Hiking around HackerRank — 06
08/02/2020
Note:
- All problems are published by HackerRank, credit to HackerRank
- The solutions are coded by myself, and open source just for study.
Java Exception Handling (Try-catch)
Try-catch is a convenient way to catch errors in your code. The “try” would allow you to execute the code, while “catch” would display warning messages if there’s anything wrong. It seems this is a pretty straightforward question.
import java.io.*;
import java.util.*;public class Solution { public static void main(String[] args) {
/* Enter your code here.
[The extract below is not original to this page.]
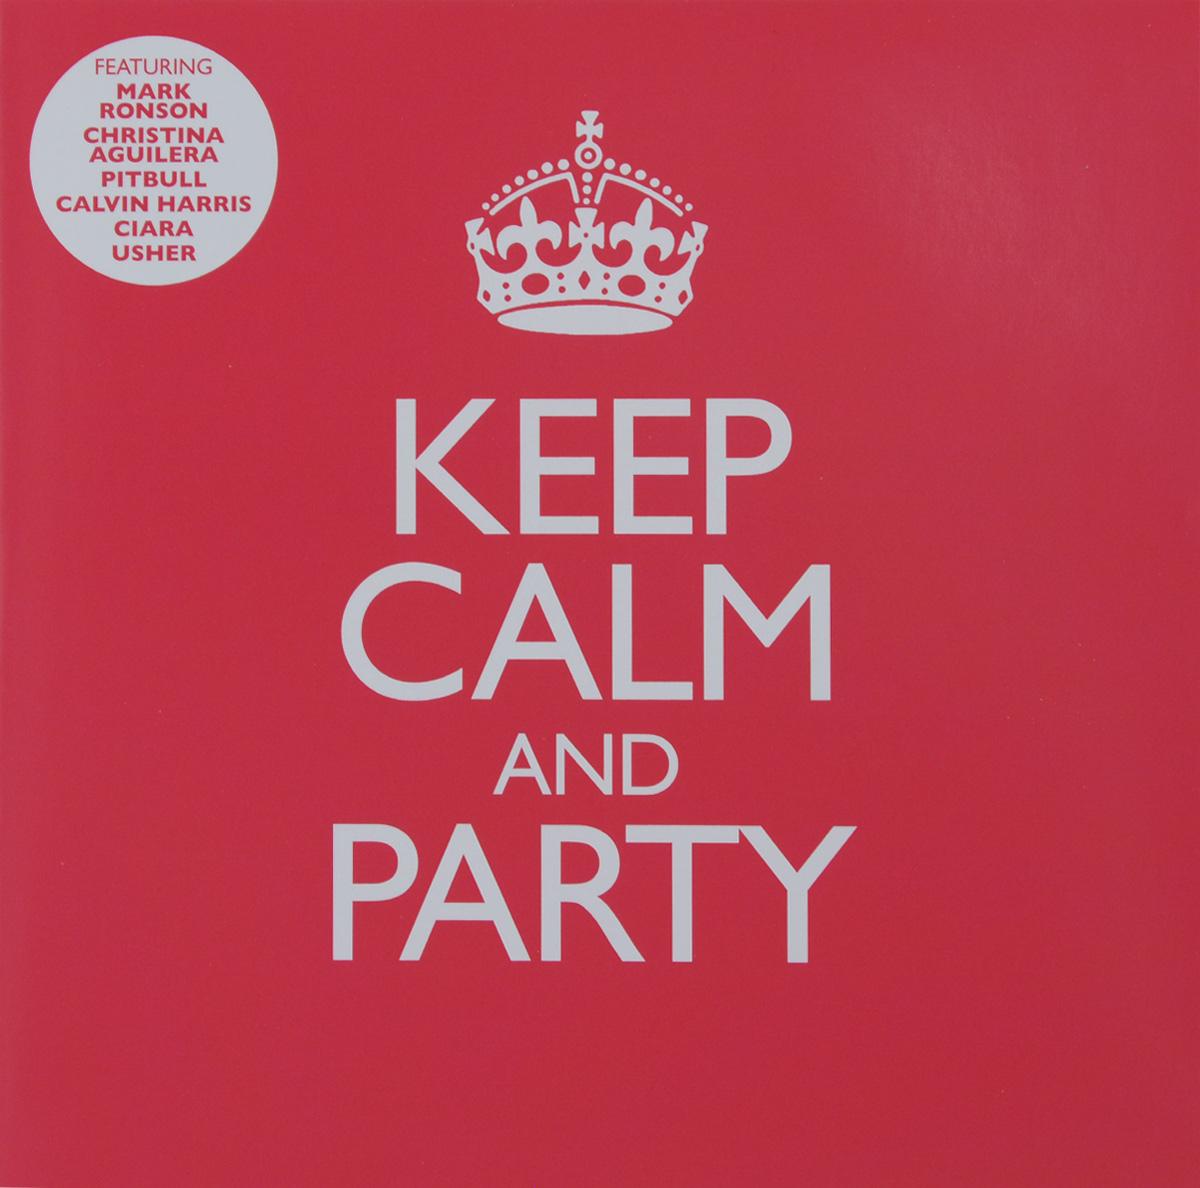 Марк Ронсон,Бруно Марс,Pitbull,Ke$ha,Крис Браун,Meghan Trainor,Дженнифер Лопес,Уитни Хьюстон,Шон Кингстон,Usher,Майли Сайрус,Kid Ink,Little Mix ,TLC,Джастин Тимберлейк,Backstreet Boys,Олли Марс,Шакира,Тони Брэкстон,Алексис Джордан,Ciara Keep Calm And Party (2 CD) энрике иглесиас шон гаретт сара коннор уитни хьюстон келис nadiya ciara enrique iglesias greatest hits

Read input from STDIN. Print output to STDOUT. Your class should be named Solution. */
try {
Scanner input = new Scanner(System.in);
int x = input.nextInt();
int y = input.nextInt();
System.out.println(x / y);
}
catch (ArithmeticException | InputMismatchException e) {
if (e instanceof ArithmeticException) {
System.out.println("java.lang.ArithmeticException: / by zero");
}
else {
System.out.println("java.util.InputMismatchException");
}
}
}
}
Remember the “instanceof” keyword we discussed before? Now we can use it to check different errors! And now, it is finished.
Java Exception Handling
I’m sorry to say, I still followed my initial mindset and intended to use “System.out.println()” to display error messages, which proven to be stupidly wrong.
This is what my code looked like initially:
import java.util.Scanner;
class MyCalculator {
/*
* Create the method long power(int, int) here.
*/
public static int power(int n, int p) throws Exception {
if (n < 0 || p < 0) {
System.out.println("java.lang.Exception: n or p should not be negative.");
}
if ( n == 0 || p == 0) {
System.out.println("java.lang.Exception: n and p should not be zero.");
}
return (int) Math.pow(n, p);
}}public class Solution {
public static final MyCalculator my_calculator = new MyCalculator();
public static final Scanner in = new Scanner(System.in); public static void main(String[] args) {
while (in .hasNextInt()) {
int n = in .nextInt();
int p = in .nextInt(); try {
System.out.println(my_calculator.power(n, p));
} catch (Exception e) {
System.out.println(e);
}
}
}
}
No surprise, it failed.
After referring to this doc [1], I realized I was supposed o use “throw new Exception” in my script. And this is what it became:
import java.util.Scanner;
class MyCalculator {
/*
* Create the method long power(int, int) here.
*/
public int power(int n, int p) throws Exception {
if (n < 0 || p < 0) {
throw new Exception ("java.lang.Exception: n or p should not be negative.");
}
if ( n == 0 && p == 0) {
throw new Exception ("java.lang.Exception: n and p should not be zero.");
}
int result = (int) Math.pow(n, p);
return result;
}
}public class Solution {
public static final MyCalculator my_calculator = new MyCalculator();
public static final Scanner in = new Scanner(System.in); public static void main(String[] args) {
while (in .hasNextInt()) {
int n = in .nextInt();
int p = in .nextInt(); try {
System.out.println(my_calculator.power(n, p));
} catch (Exception e) {
System.out.println(e);
}
}
}
}
I was confident about this version, but it still failed (both two tests). What wrong with it?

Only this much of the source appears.